May 12th, 2009 at 11:07 AM
Well if you think about it, it’s been about 5 years since my roommate bought her house. It’s gone up 178% in 5 years. Normal appreciation would be under 6%, but houses were undervalued previously. A reasonable appreciation would have been say 10%/yr to correct all the way to what prices should be. That compounds to about 61% – so to me houses are currently about 2.78/1.61 = 1.73 so 73% overvalued.
So that means that a house on my street (West Side) should cost on the order of about 90,000*1.61 = $144,900, and is listed at $250,000.
Is that possible? Well let’s see. 5 years ago new construction on the cheap was about 60$/sq.ft.(and I’m told it still is in New Brunswick) – the going rate is now 160$/sq. ft due to demand and material prices. However, the price of materials has recently plummeted due to the housing crash in the states, material demand dropped a lot which resulted in the price drop. I understand that there is a lot of new product coming onto the market that isn’t selling. Let’s check some ratios. 160/60= 2.67 which is pretty close to what housing has gone up by in general. Apply the same inflationary increase to the cost/sq.ft and you get to 60*1.61=97$/sq.ft. . I don’t know if you can really justify 10% inflation on construction since inflation is actually more like 2.5% over the last 5 years, and like I said materials are way way down. So this shows you that the cost of housing is directly related to the cost of construction which is I believe going to drop. 100$ per sq. ft. is a reasonable price for quality construction and humble but decent trim. It should drop to around 115$/sq. ft from 160. I don’t think it will come down all the way because there are so many big industrial construction projects on the go.
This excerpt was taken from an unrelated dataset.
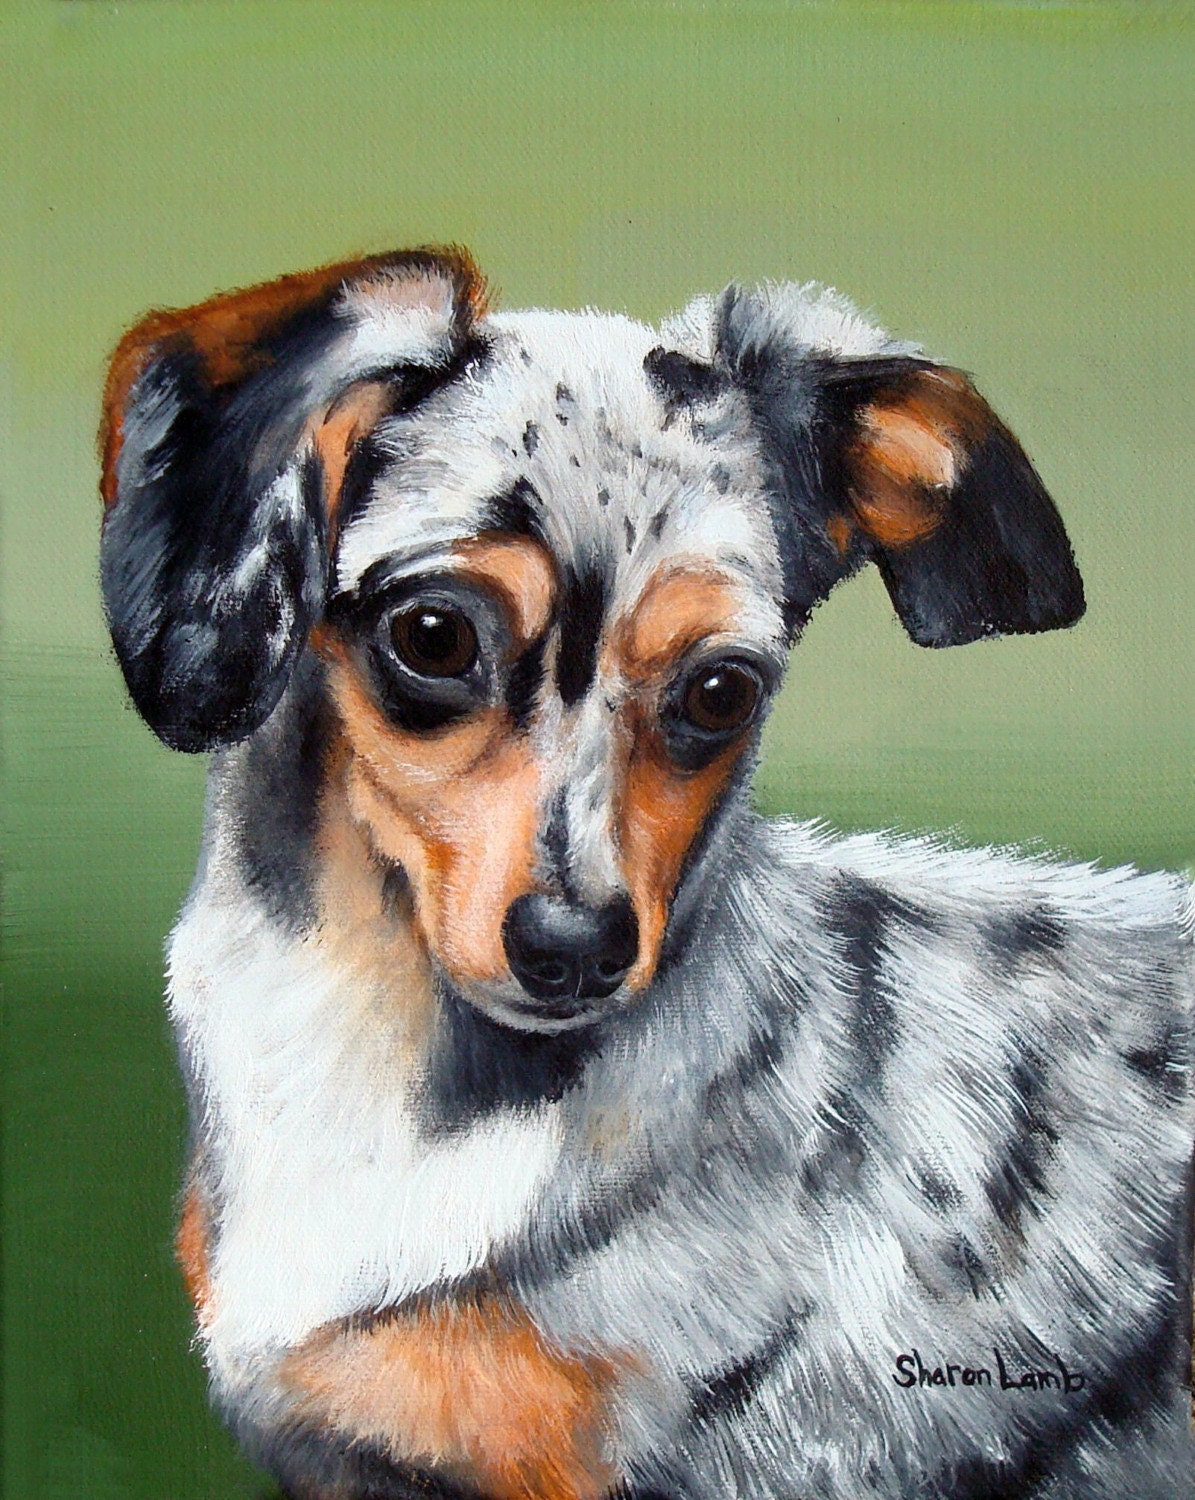 Hand Painted 8x10 Custom Commissioned Pet Portrait Painting any Animal Dog Cat or Horse

At that price, a 1050 sq.ft bungalow in Stonebridge should go for about 85000 lot + 1050*115 = $205,750 and currently sells for around $300,000. So on that aspect I would call it 300/205.75=46% overvalued. I’d say the difference there is in the fact that the city jacked up the price of lots too.
So long story short, I expect the price could drop up to 50 to 70% as more product hits the market than sells. As of October 5% down is the minimum and there will be no more 40 year mortgages. The average household income in Saskatoon is 61,000. On a 40 year term, they could afford $221,500 including closing costs with zero down, at 35 years with 5% down the most is probably 95% of 215,600 or about 205,000. That alone should cause a 5% drop in pricing.
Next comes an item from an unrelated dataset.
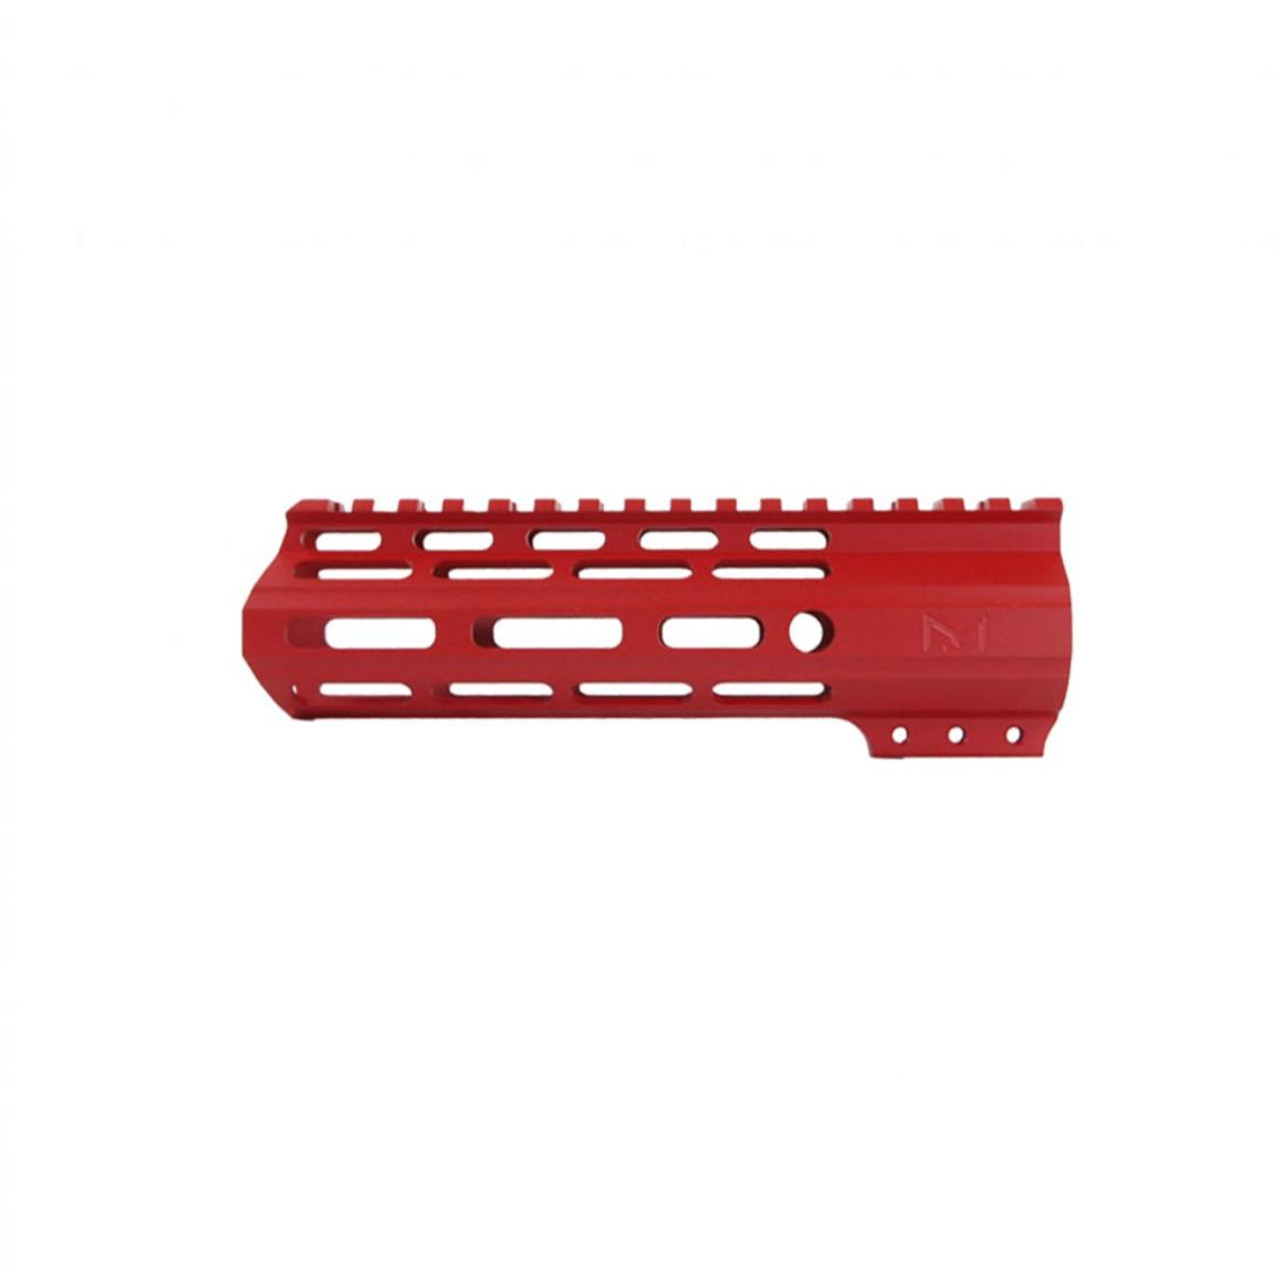 MCS AR-15 M-Lok Super Slim Light Free Float Handguard MADE IN USA Red Options Available

Driving around, I noticed that there seems to be quite a few Coldwell Banker for sale signs in good neighborhoods. Aren’t those are foreclosures? The flippers may be losing their shirts. If the flippers dump their product and stop buying up the properties, then there will be more surplus and the price will go down further.
May 12th, 2009 at 11:07 AM
Hey Drew,
Thanks for the comment.
Your statements seem to be at odds. Using the conservative side of your overvaluation estimate (50%) would suggest that an average selling price of $145,000 would be more appropriate for Saskatoon. That would take us back to 2004 levels and well below 6% annual appreciation for the preceding 20 years.
Lots of flipper activity but “foreclosures” are virtually non-existent here, at least at this point.